### [WHAT IS BEING ASKED]
Take nothing but the lines from the one with "Natural untreated citrine" through the one with "2 round cabochon brownish orange" in the entries below, both ends kept, and return them exactly with pictures left out.

### [RECORDED DATA]

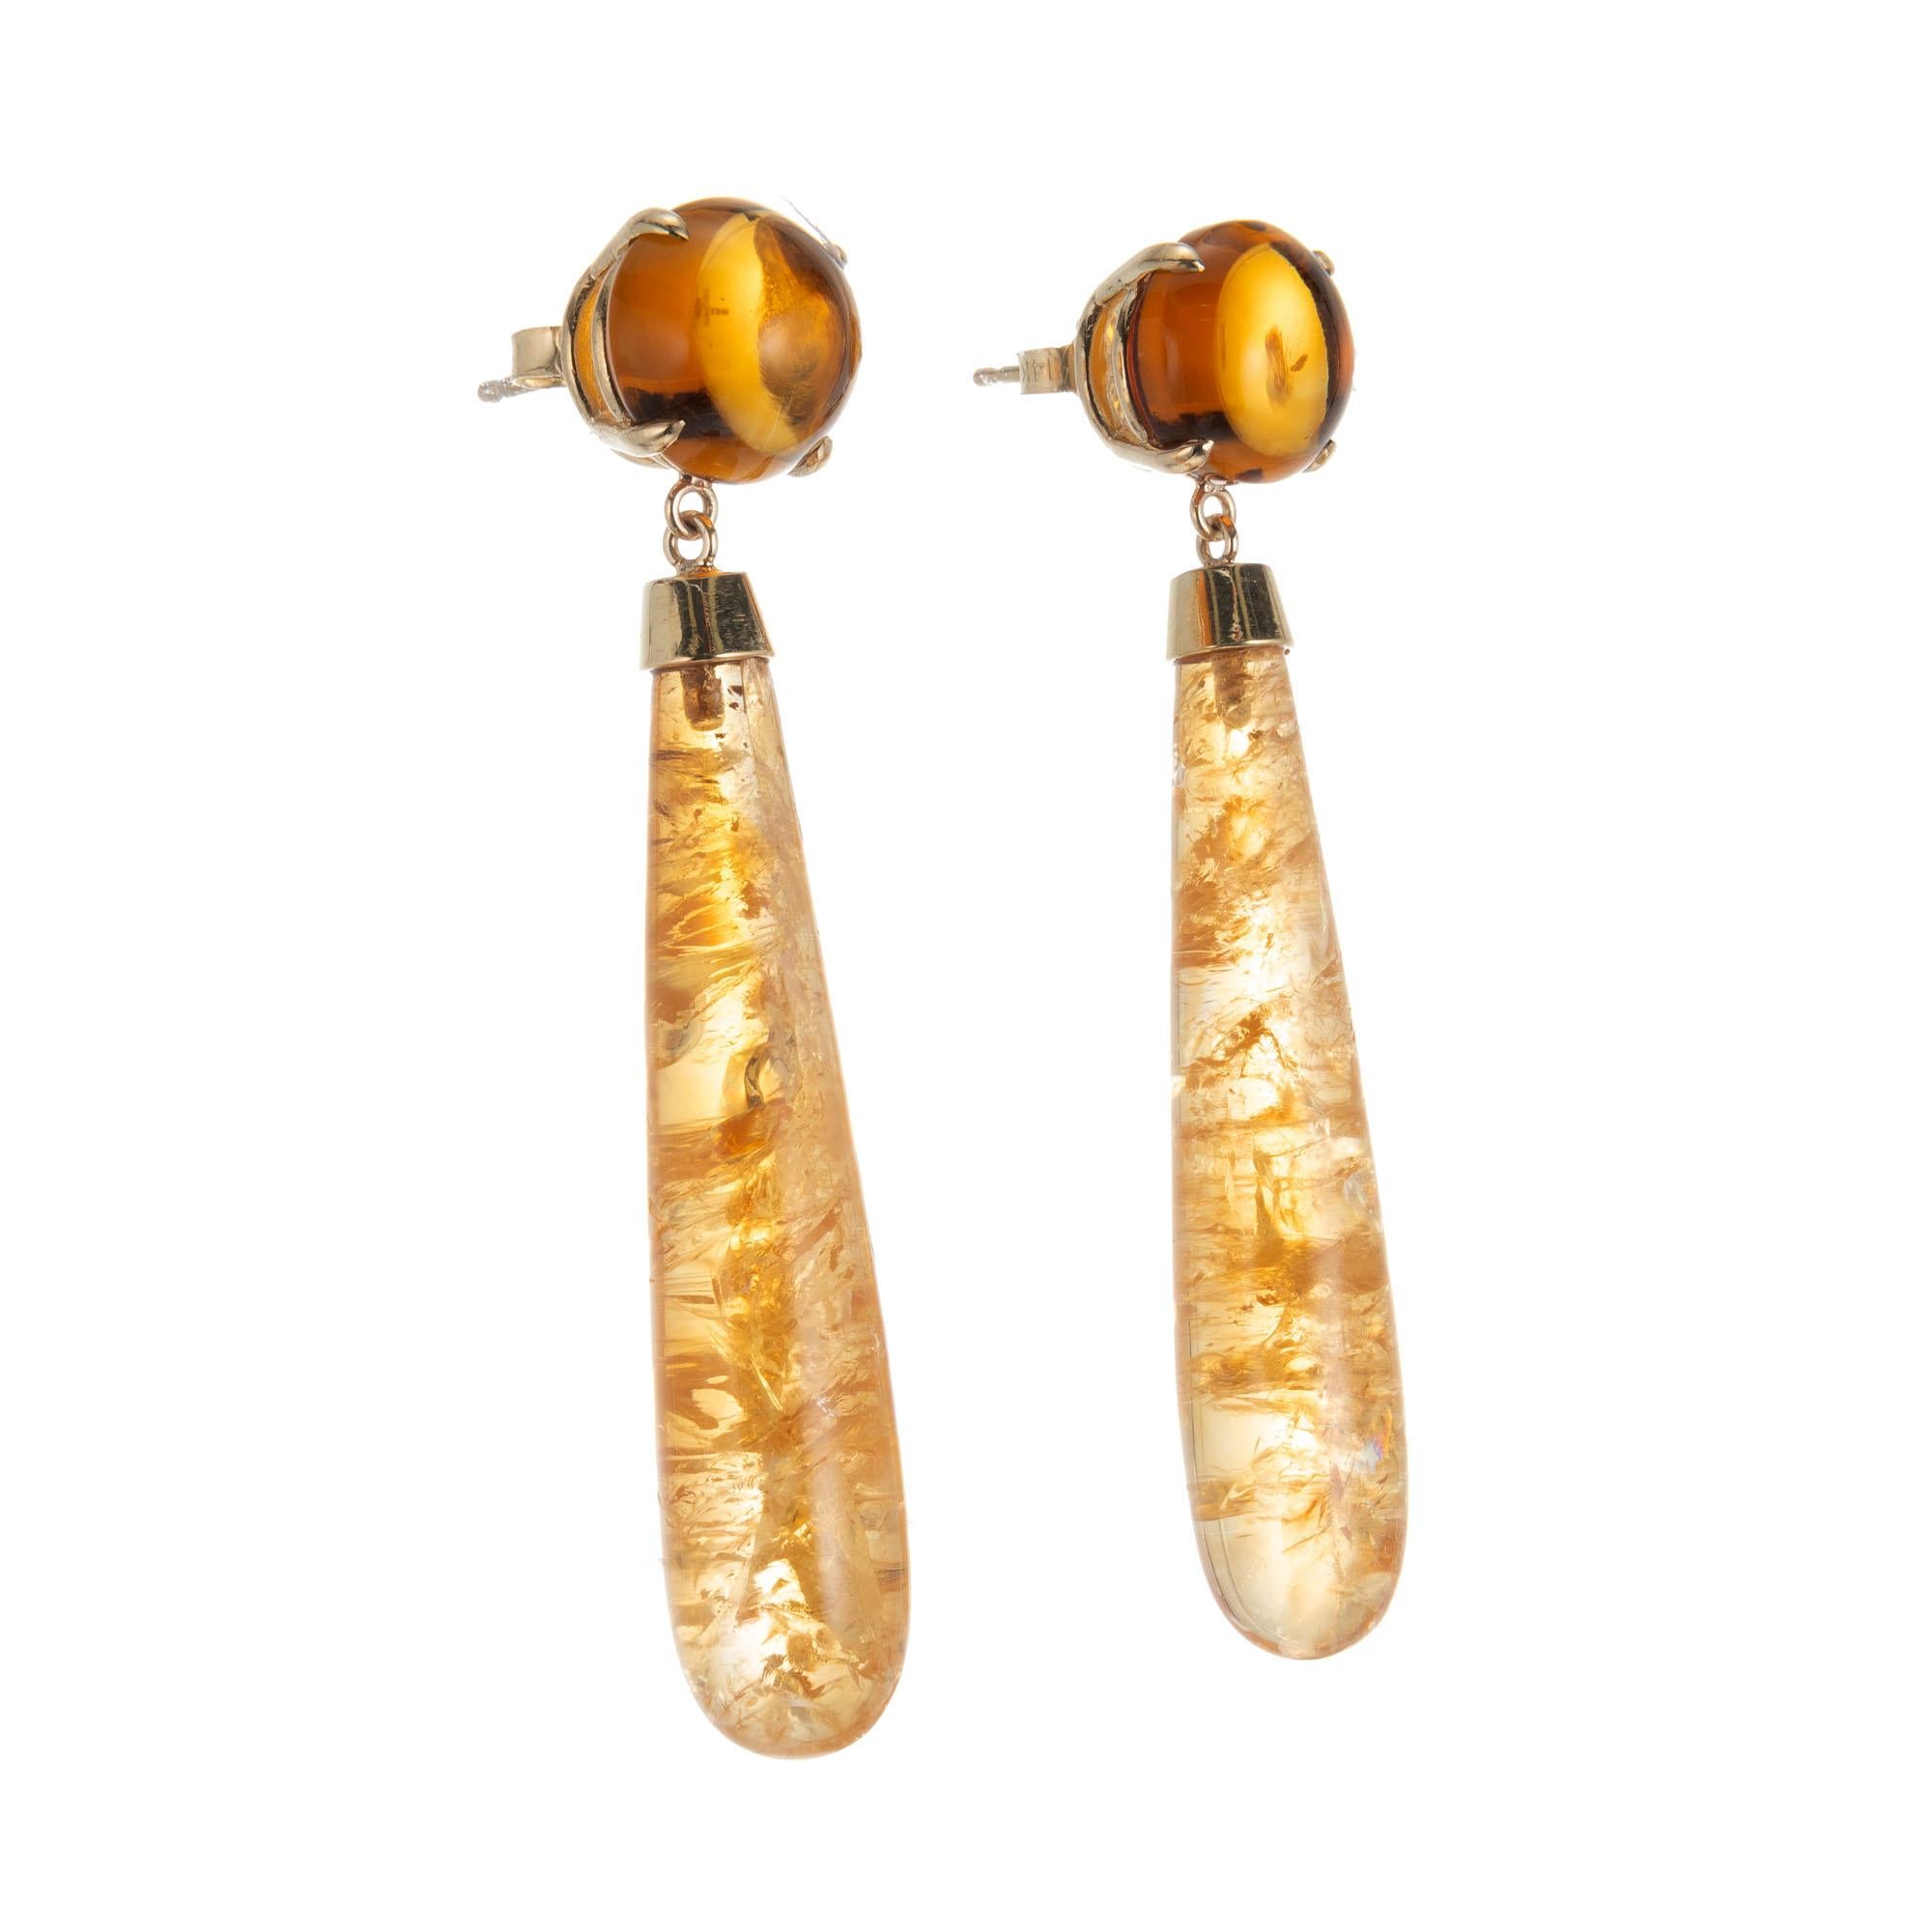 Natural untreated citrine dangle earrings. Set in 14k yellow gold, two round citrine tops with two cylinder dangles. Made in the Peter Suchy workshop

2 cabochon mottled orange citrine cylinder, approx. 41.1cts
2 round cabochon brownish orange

==

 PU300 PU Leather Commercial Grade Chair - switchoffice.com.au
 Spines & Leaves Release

### [PROBLEM SOLUTION]
 Natural untreated citrine dangle earrings. Set in 14k yellow gold, two round citrine tops with two cylinder dangles. Made in the Peter Suchy workshop

2 cabochon mottled orange citrine cylinder, approx. 41.1cts
2 round cabochon brownish orange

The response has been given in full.